Published: 31 January 2019| Version 1 | DOI: 10.17632/tgy3v7syct.1
Contributors:
LI Qiang,
ZHAO Shuai

Description

In the field experiment site of the in-situ pyrolysis of oil shale, there are three wells. One well is used to inject high temperature and high-pressure nitrogen gas. The other one, named FK-2, is a well that is used to produce oil and gas products. The last well is a monitoring well named M1 for the real-time monitoring of the underground temperature and water inflow. According to the microseismic monitoring at the fracturing site, we have determined that the fracturing may have formed two fractures in the oil shale formation. Because the in situ pyrolysis process of oil shale requires nitrogen injection at a high temperature and pressure, we must monitor the connectivity between the two fractures. There is no need to use high temperature gas to determine the formation connectivity, so we only use high-pressure nitrogen gas. First, the backflow of the fracturing fluid is conducted. After the fracturing fluid backflow, we can determine the connectivity and water inflow of the formation. Based on the microseismic monitoring data, we built a three-dimensional model. The flow field of the high-pressure nitrogen injection into well FK-1 and the gas production from well FK-2 were simulated using the finite element software COMSOL Multiphysics 5.3. The results show that the outlet pressure at the FK-2 well can reach 2.8 MPa when well FK-1 is used as a high-pressure nitrogen injection well and gas is continuously injected at 8.5 MPa. Part of the fracturing fluid flows out of well FK-2, but some of fluid can flow into the formation. When high-pressure nitrogen is injected into the FK-2 well, the result is also the same.

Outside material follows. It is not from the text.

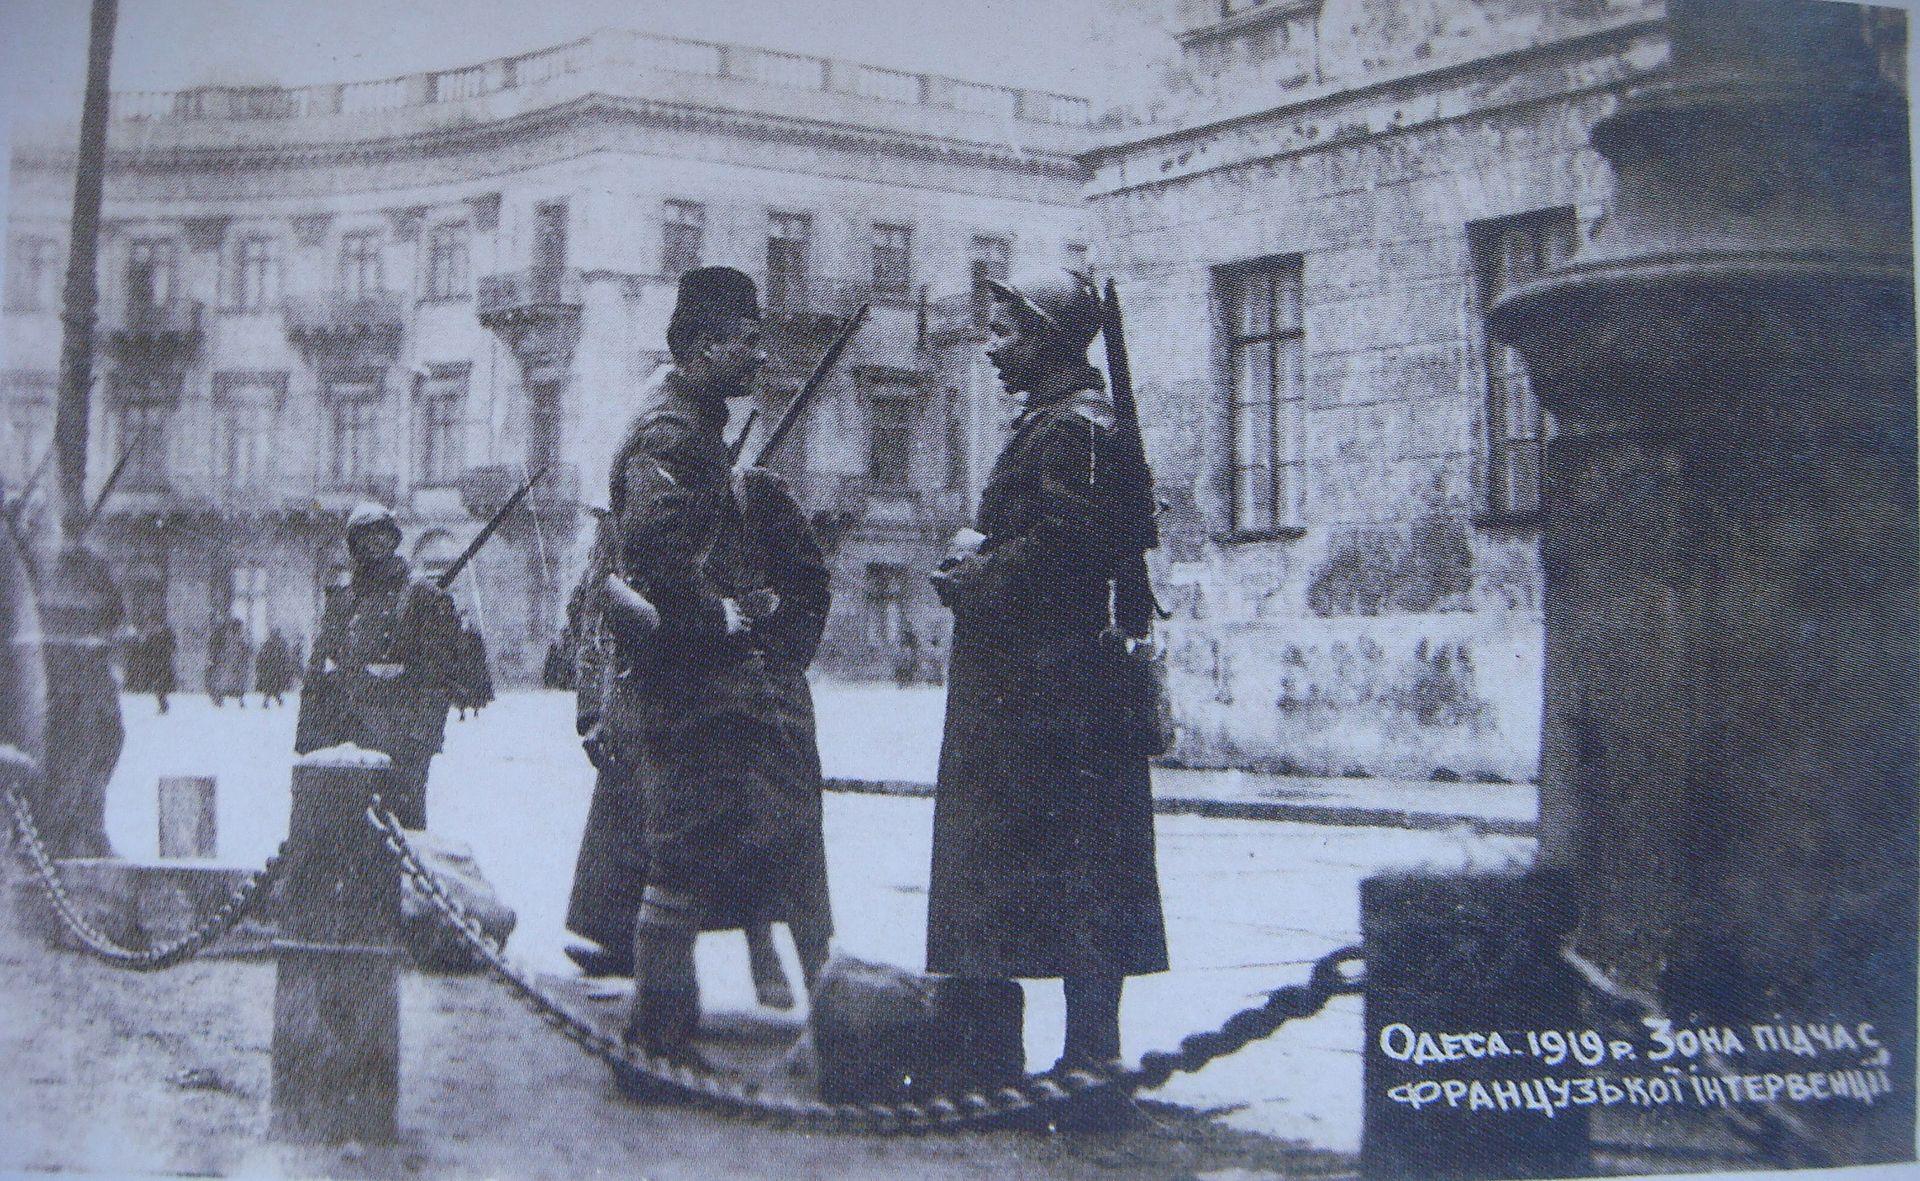 Η συμμετοχή της Ελλάδας στην εκστρατεία της Ουκρανίας κόντρα στους Μπολσεβίκους. Οι σύμμαχοι υπόσχονταν υποστήριξη σε Αν. Θράκη και Μικρά Ασία. Γιατί θεωρήθηκε ολέθρια
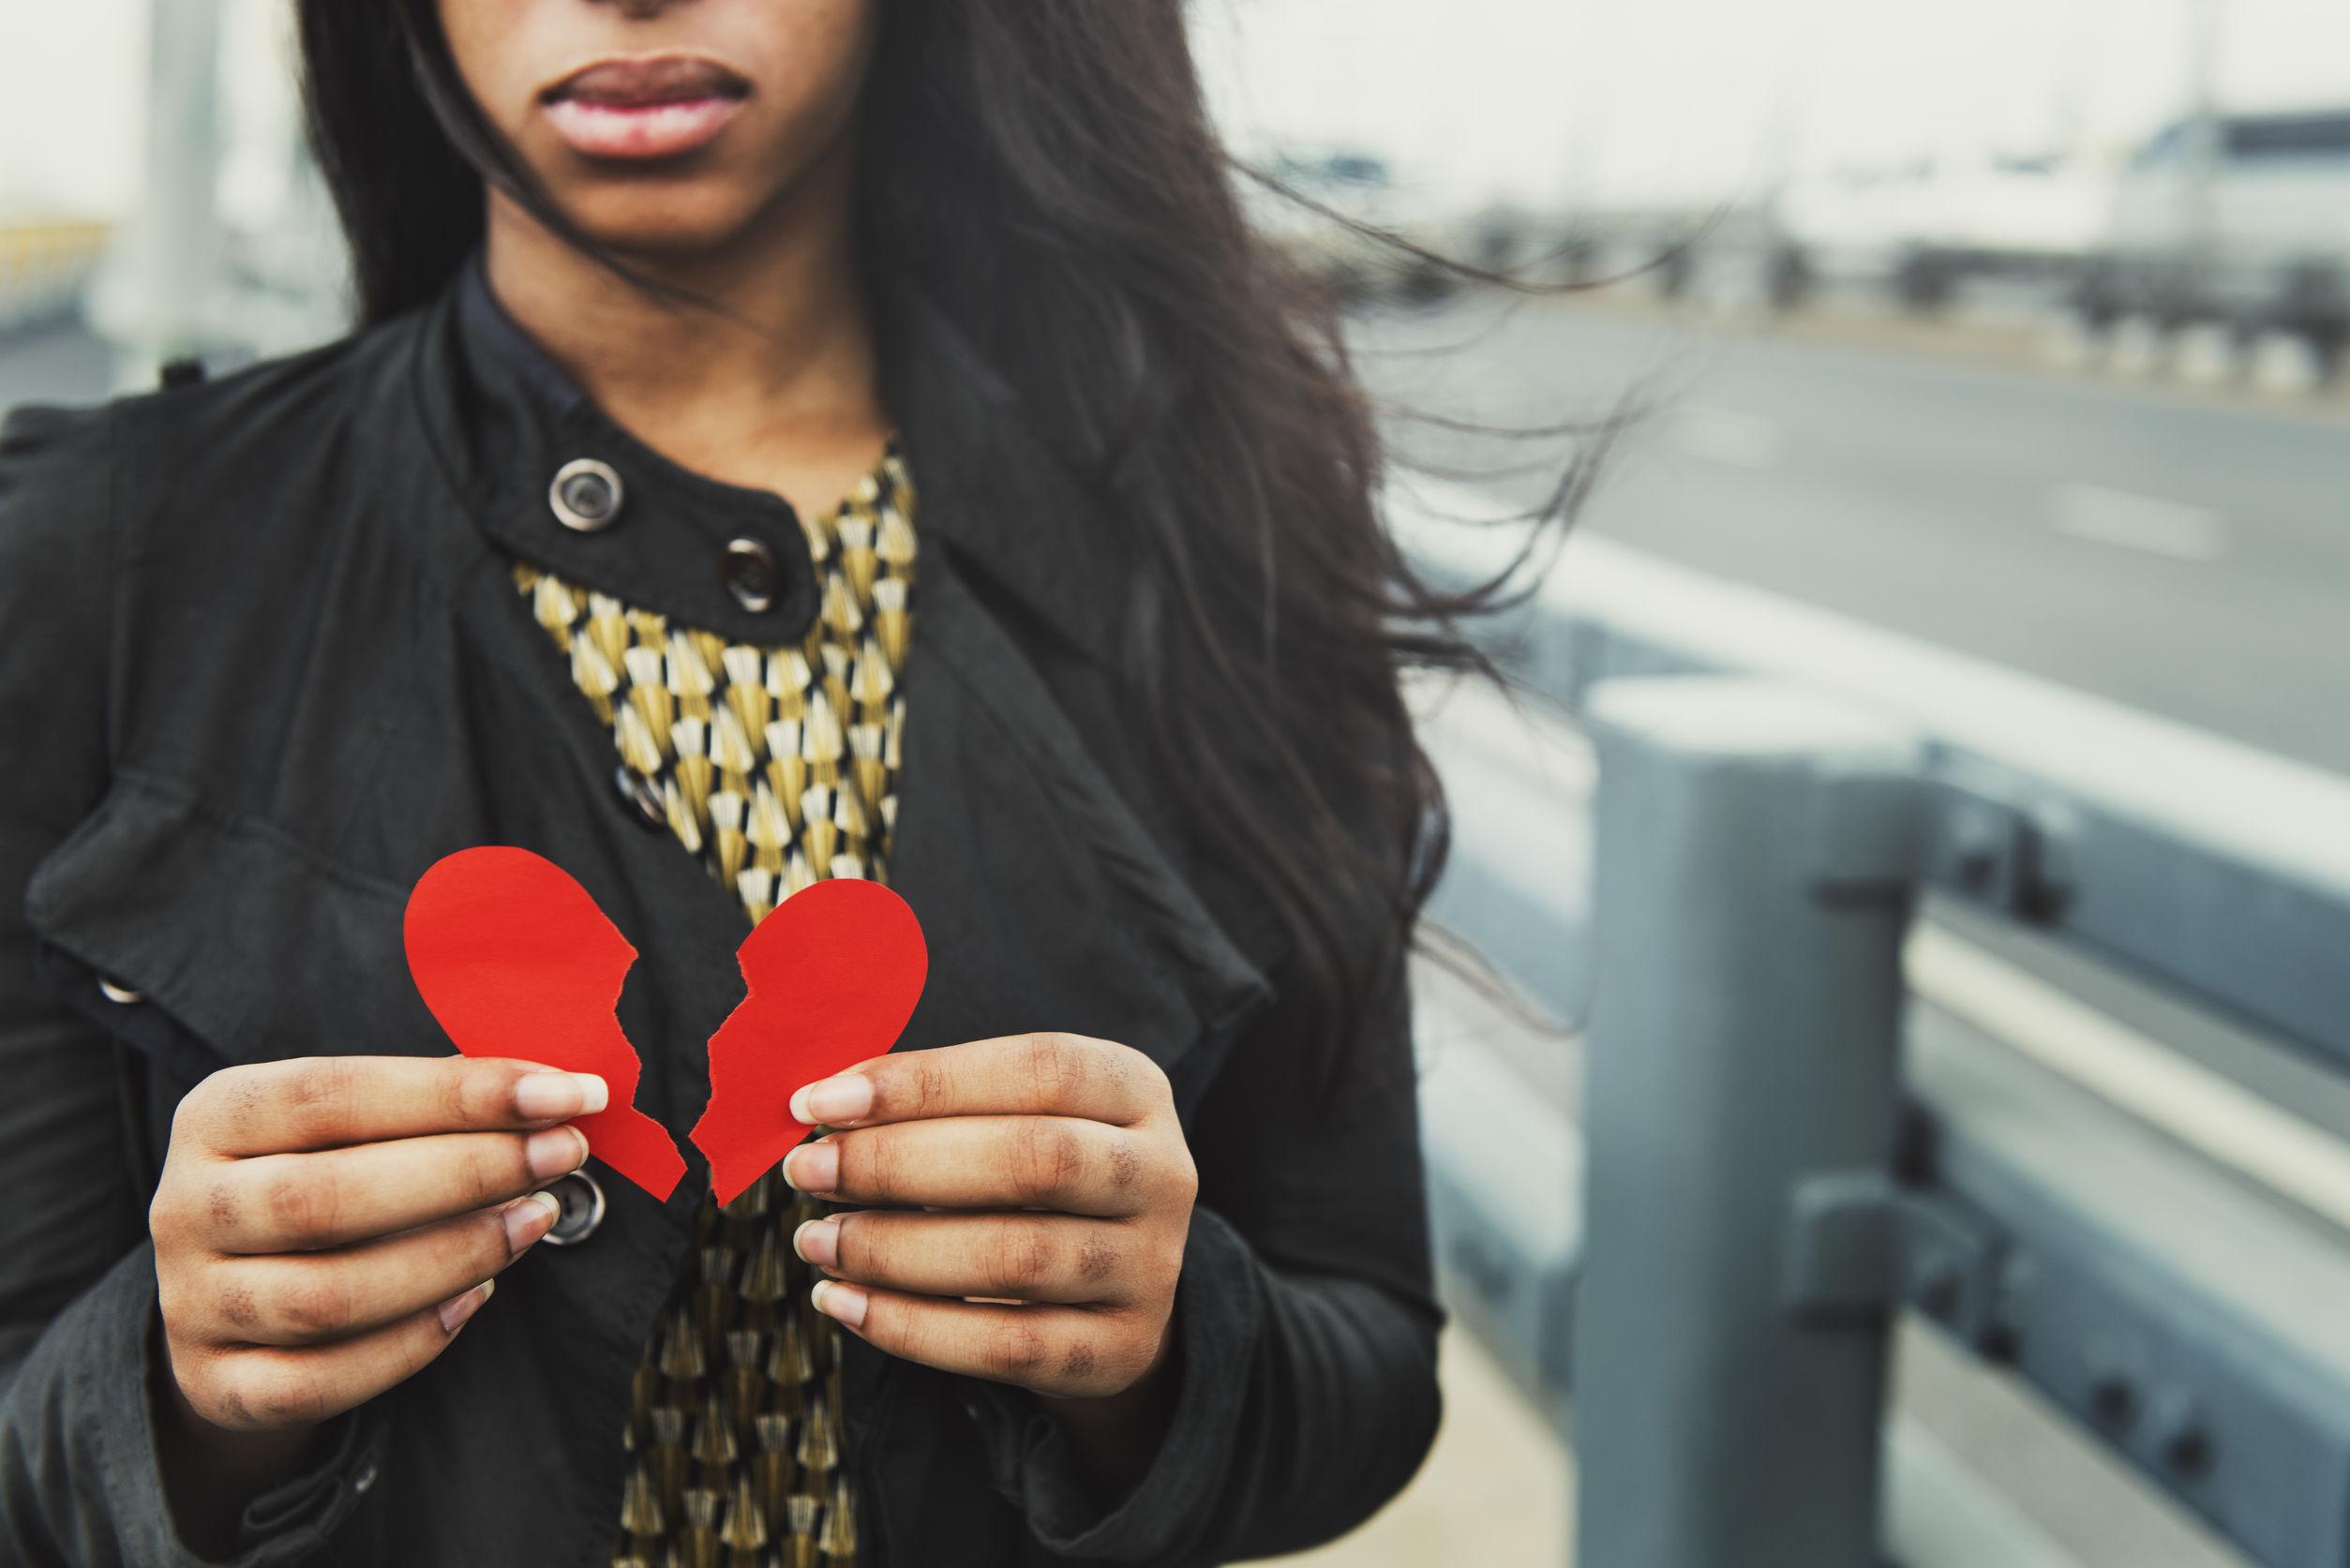 break-ups in open relationships non monogamy open relationships break up sad broken heart

To verify the accuracy of the simulation results, experiments were carried out involving high-pressure nitrogen injection into well FK-1. The fracturing fluid volume was monitored while the fracturing fluid flowed back, and the pressure change in well FK-2 was monitored in real time. Finally, the pressure in well FK-2 could reach 2.8 MPa, which proved the connectivity between the two wells. It also confirmed the accuracy of the numerical simulation. In addition, we monitored the pressure changes in the FK-2 well by means of active pressure relief in FK-1 well. The results show that the pressure in the FK-2 well would also decrease, which once again confirms the connectivity status of the two wells.